Business Standard Editorial Comment Mumbai
The Board of Control for Cricket in India (BCCI) deserves praise for introducing equal pay for men and women players who represent the country at international levels in all three formats of the game. In a country that consistently ranks low on the global gender gap index, this marks an enlightened step forward. Till now women cricketers in the highest annual-contract bracket earned about half what their male counterparts earned in the lowest bracket. The BCCI, in fact, joins New Zealand and Australia in introducing gender pay parity. But given that the BCCI is the world’s richest cricketing body, it could well become the trendsetter for other cricketing bodies.

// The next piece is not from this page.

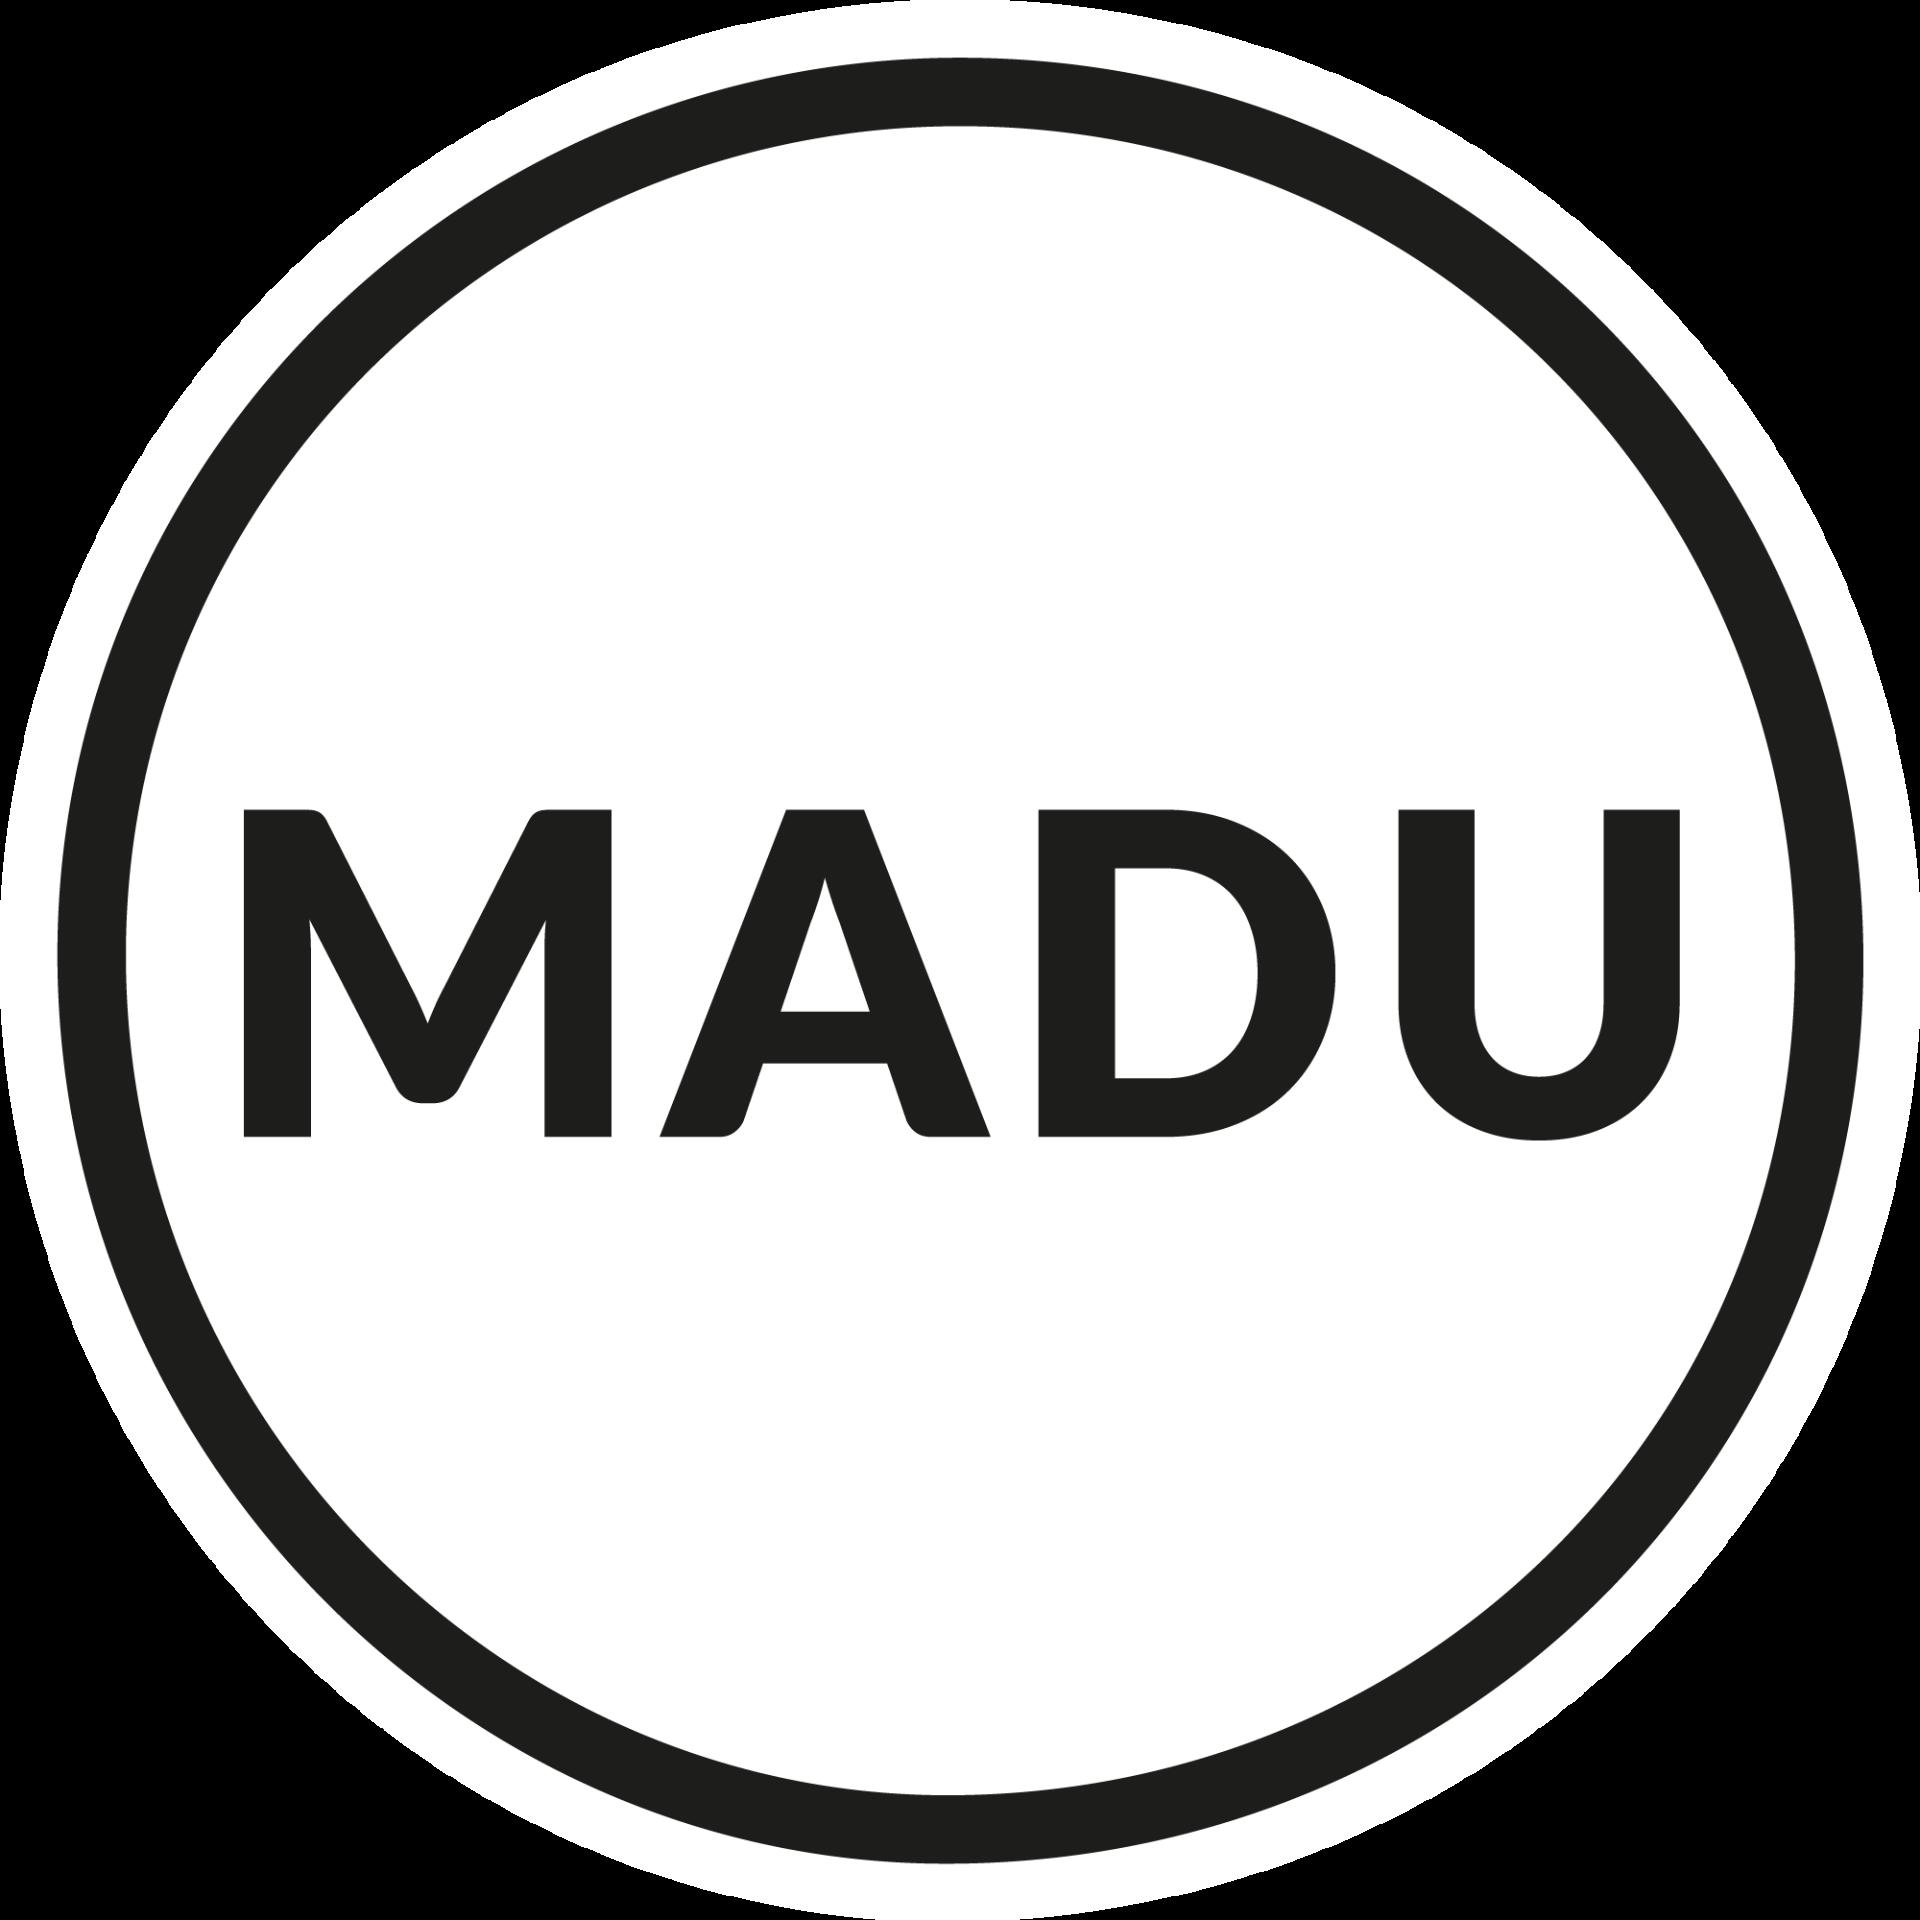 TIENDA MADU

Though undoubtedly progressive, this move must be viewed as only the first small step towards realistically equalising career earnings for men and women. This is essentially a function of two related developments. The first is how intensively the women’s game is promoted in terms of marketing campaigns and broadcasting time; both have expanded significantly over the past decade. The second is the trajectory towards the overwhelming popularity of the T20 format and the concomitant privatisation of the game via the popular franchise tournament, the Indian Premier League (IPL). The BCCI’s plans to introduce an IPL for women will fully test the concept of gender pay parity. That’s because in the larger world of the sports industry, which is driven by private money, the earnings disparity between men and women (with some honourable exceptions such as badminton) is still a bridge too far.
 
Tennis is a good example. Much is made of the fact that men and women get equal prize money at the four Grand Slam events, though women play three setters to men’s five setters and both men and women’s games get equal coverage. But one rung down, in the more frequent Association of Tennis Professionals (ATP, the men’s organisation) and the Women’s Tennis Association, where both men and women play three setters, the latter earn up to 75 per cent less. Yet these are the bread-and-butter tournaments that earn players their ranking points. No surprise, then, that Serena Williams retired with 23 Grand Slams but netted $450 million in career earnings to Roger Federer’s $1.1 billion and 20 Grand Slams. The same is true for women’s football. Although the women’s version of the sport is gaining traction with stadium and TV audiences, only a handful of national football federations pay men and women equally.

But within the privately-owned club system, which really drives football in Europe, the disparity is stark. In the Women’s Super League, the equivalent of the English Premier League, the average salary is £30,000, lower than the average salary of the lowest-ranked team in the men’s game. The highest earner in the women’s game, the USA’s Carli Lloyd, earns £400,000 a year, nowhere near Lionel Messi’s £62 million per year before endorsement deals. It is easy to predict that even if the women’s IPL gains in popularity, it will be many decades before a top female cricketer will be able to match Virat Kohli’s earnings of Rs 261.03 crore (including Rs 238.7 crore in endorsements) last year, a season in which he struggled for runs. Still, equal pay by the national federation may well set the ball rolling for women to get there.